%%
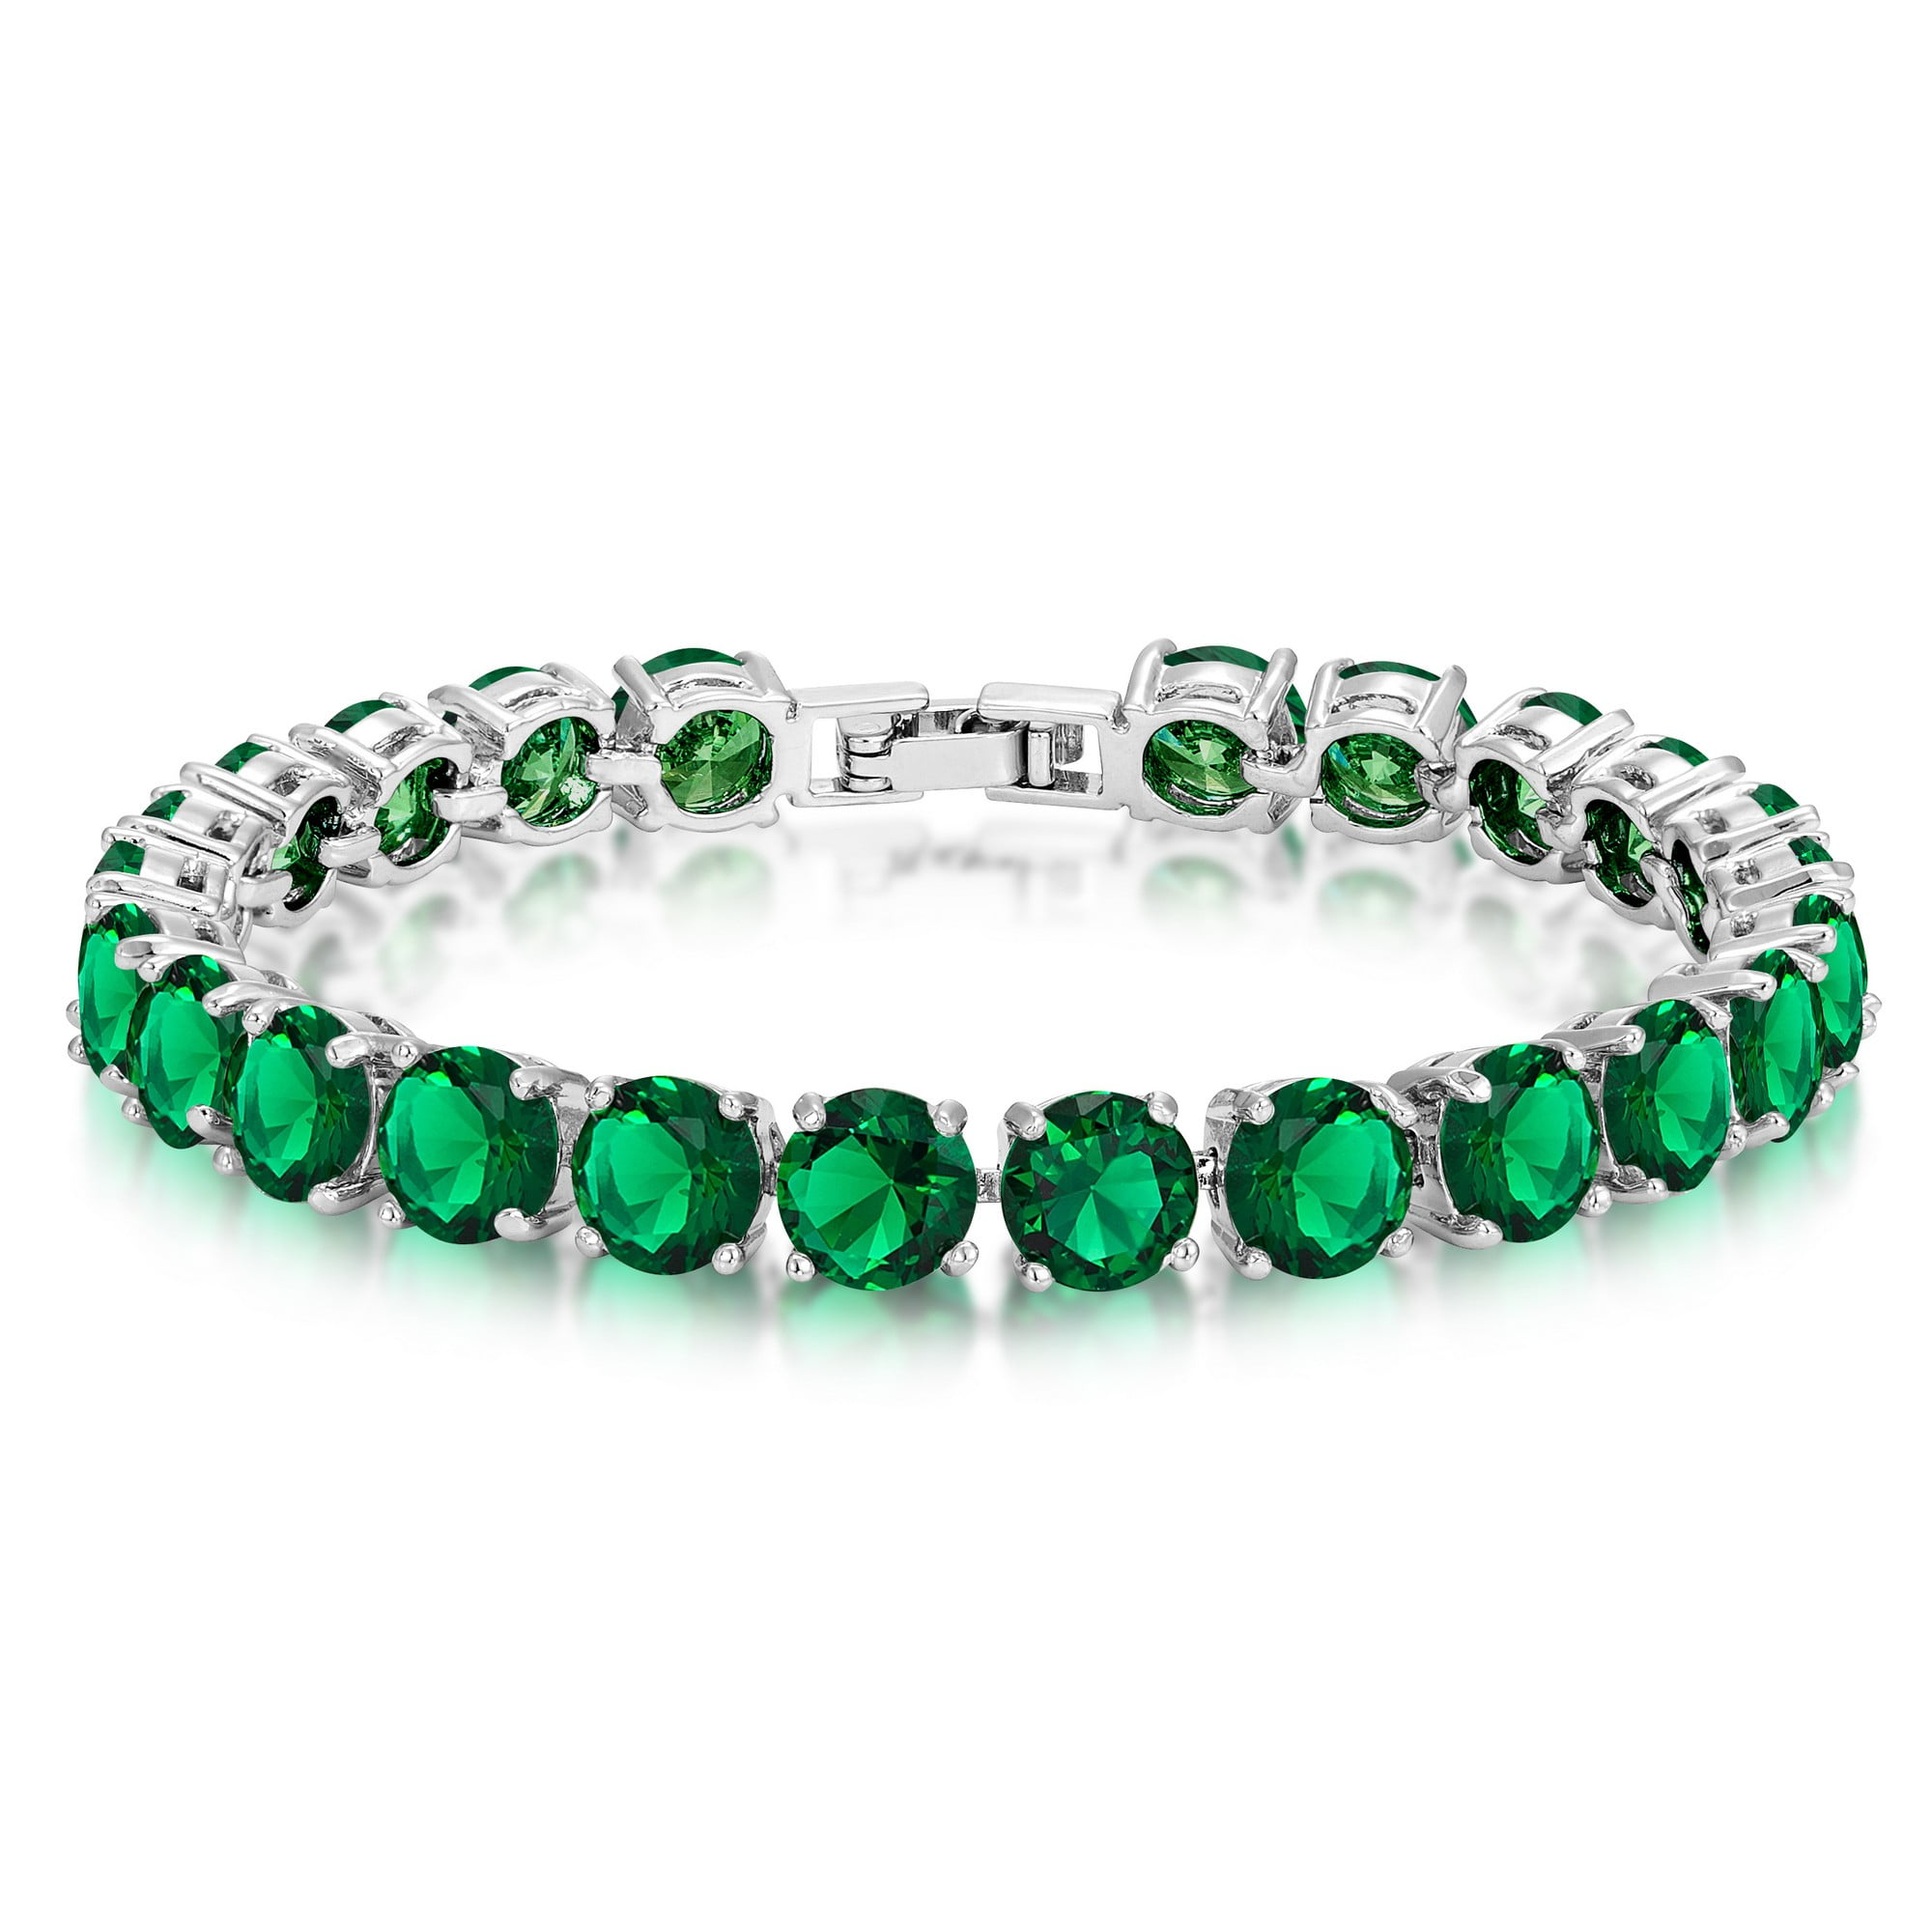 Natural Pave Diamond 925 Sterling Silver Handmade Emerald Bracelet  Anniversary Gift For Her at Rs 7500.00/piece | Jaipur | ID: 25977980530
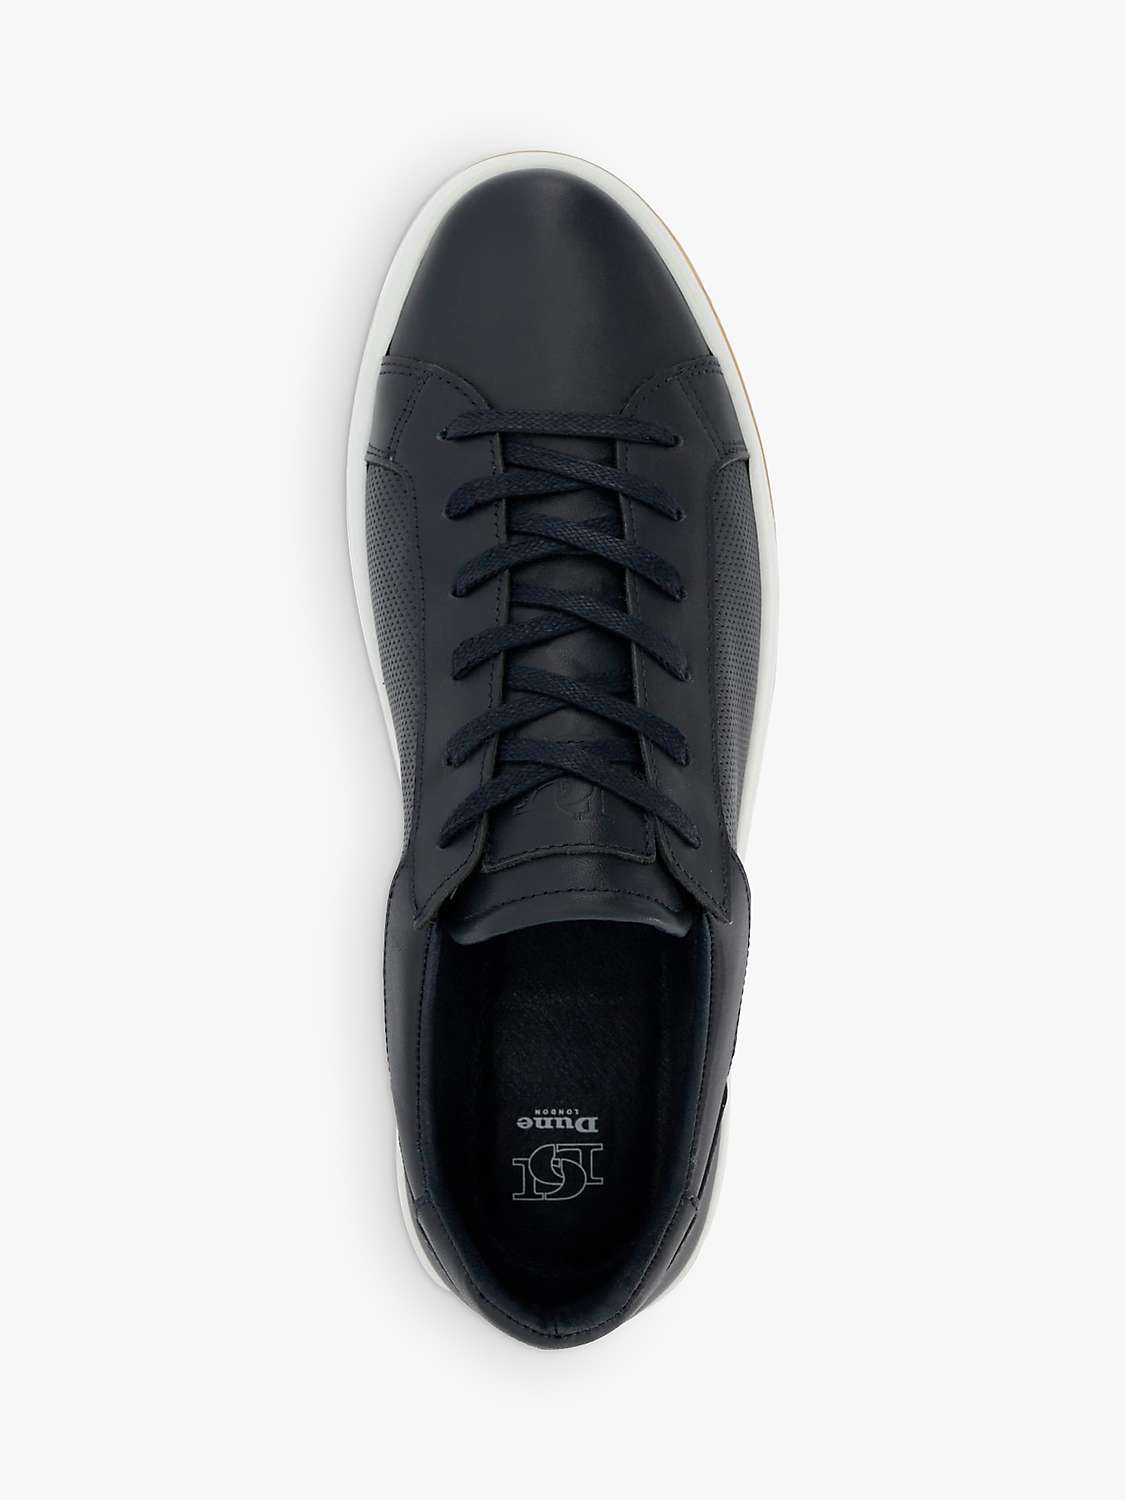 Dune Tie Leather Black Trainers, Navy at John Lewis & Partners
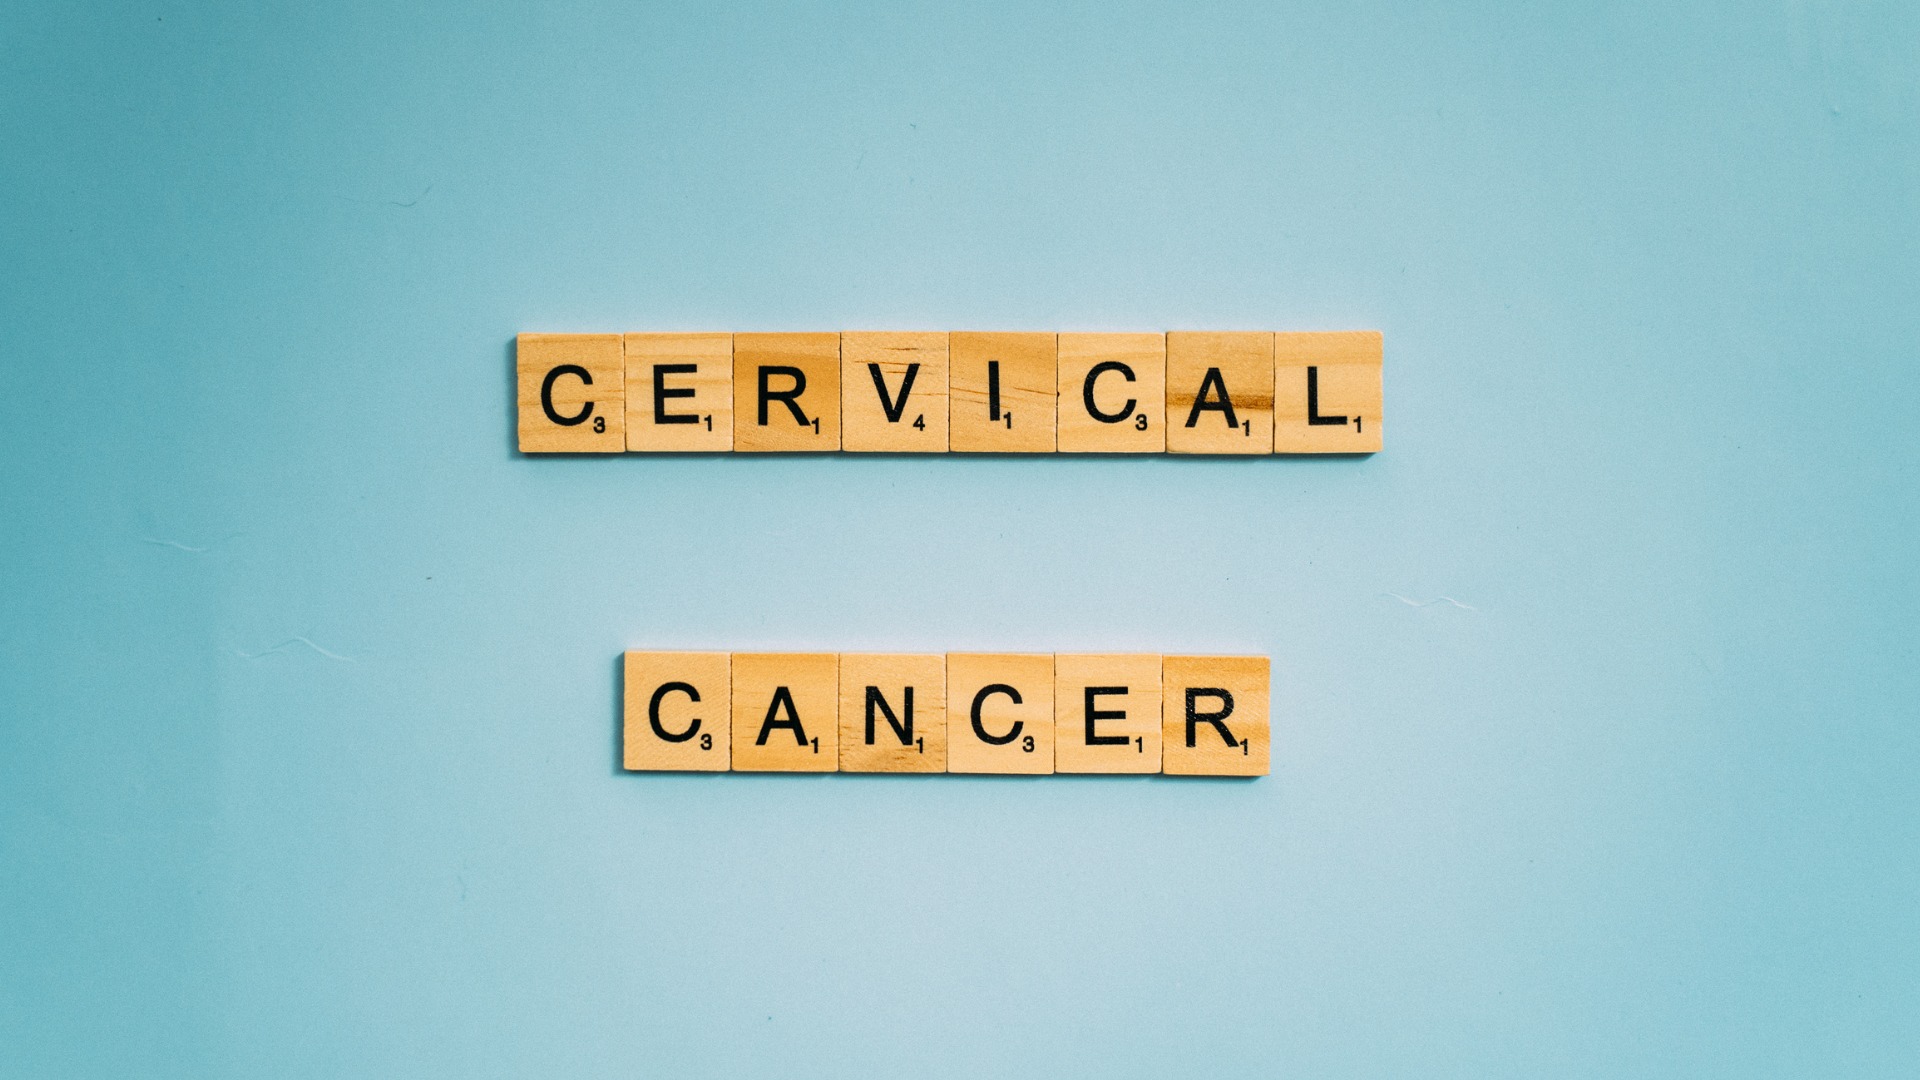 Cervical cancer spelled out with scrabble letters
%%
Work item » Reproduce the listing exactly. Do not include its images.

Answer to this task »
 Natural Pave Diamond 925 Sterling Silver Handmade Emerald Bracelet  Anniversary Gift For Her at Rs 7500.00/piece | Jaipur | ID: 25977980530
 Dune Tie Leather Black Trainers, Navy at John Lewis & Partners
 Cervical cancer spelled out with scrabble letters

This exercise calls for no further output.